■ EXERCISE GOAL ■
Each line starting at the one that contains "Ensemble complet Vintage" and ending at the one that contains "Cider appeal" must be returned exactly, and the rest of the listing is left out.

■ EXERCISE INPUTS ■
◇ ◇ ◇ ◇ ◇

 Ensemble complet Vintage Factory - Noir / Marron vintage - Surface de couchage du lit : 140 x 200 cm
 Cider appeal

◇ ◇ ◇ ◇ ◇

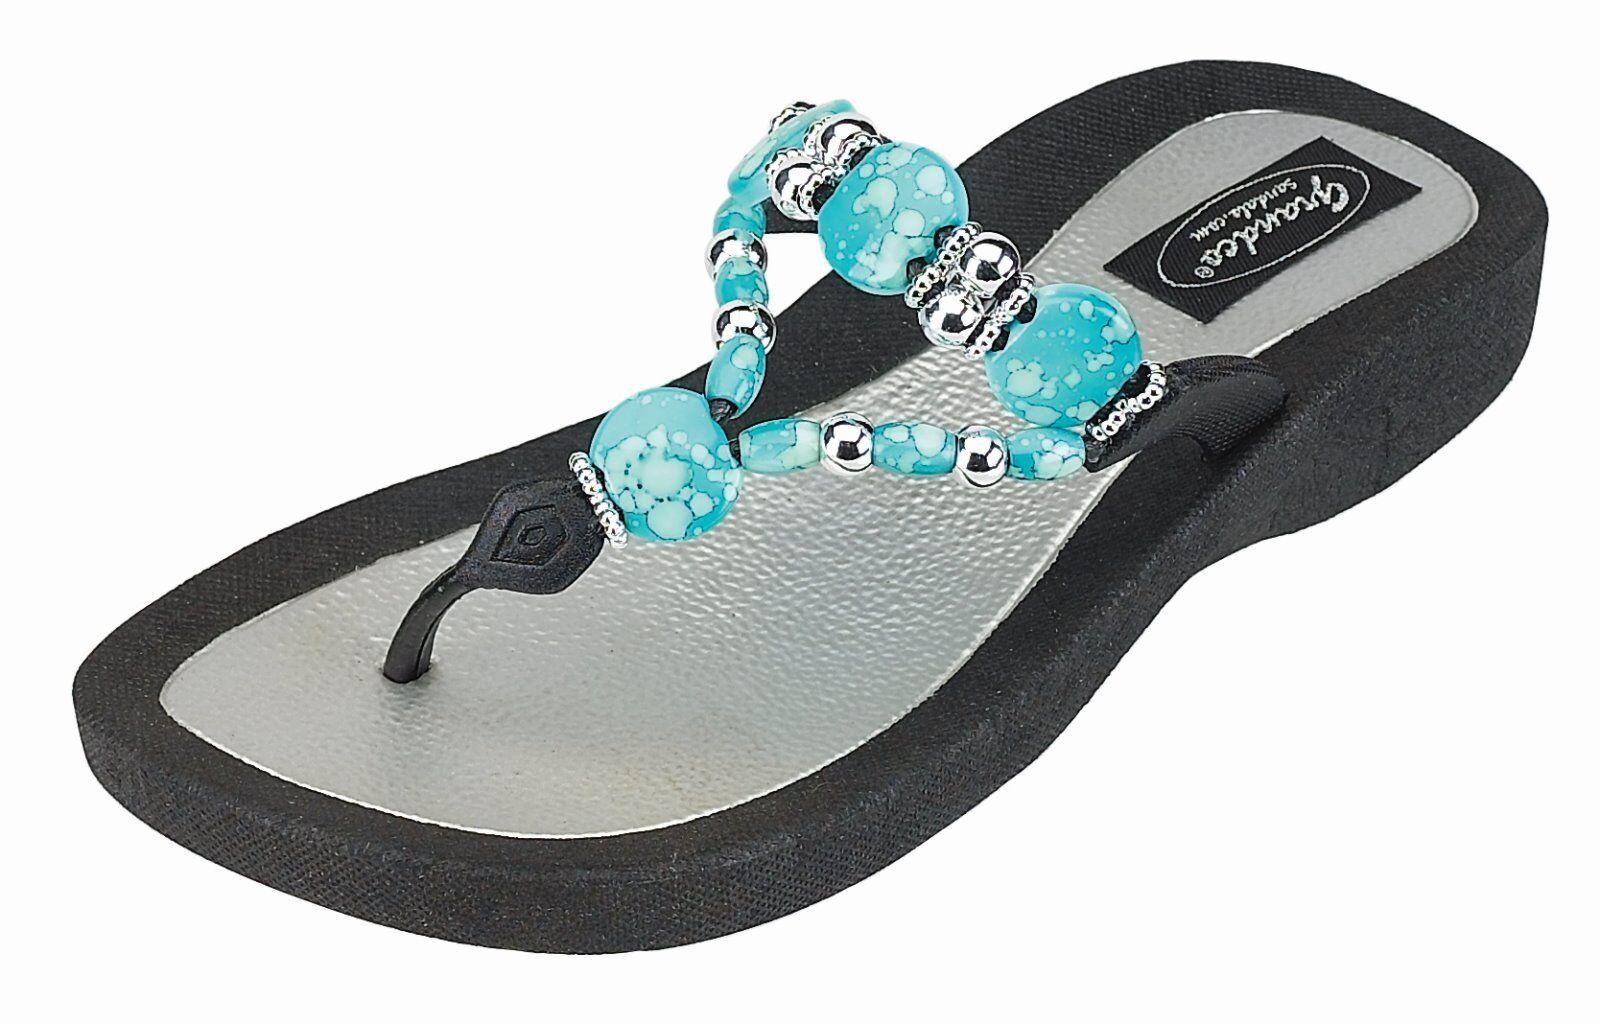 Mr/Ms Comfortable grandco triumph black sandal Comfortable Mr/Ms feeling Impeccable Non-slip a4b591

◇ ◇ ◇ ◇ ◇

■ TASK OUTPUT ■
 Ensemble complet Vintage Factory - Noir / Marron vintage - Surface de couchage du lit : 140 x 200 cm
 Cider appeal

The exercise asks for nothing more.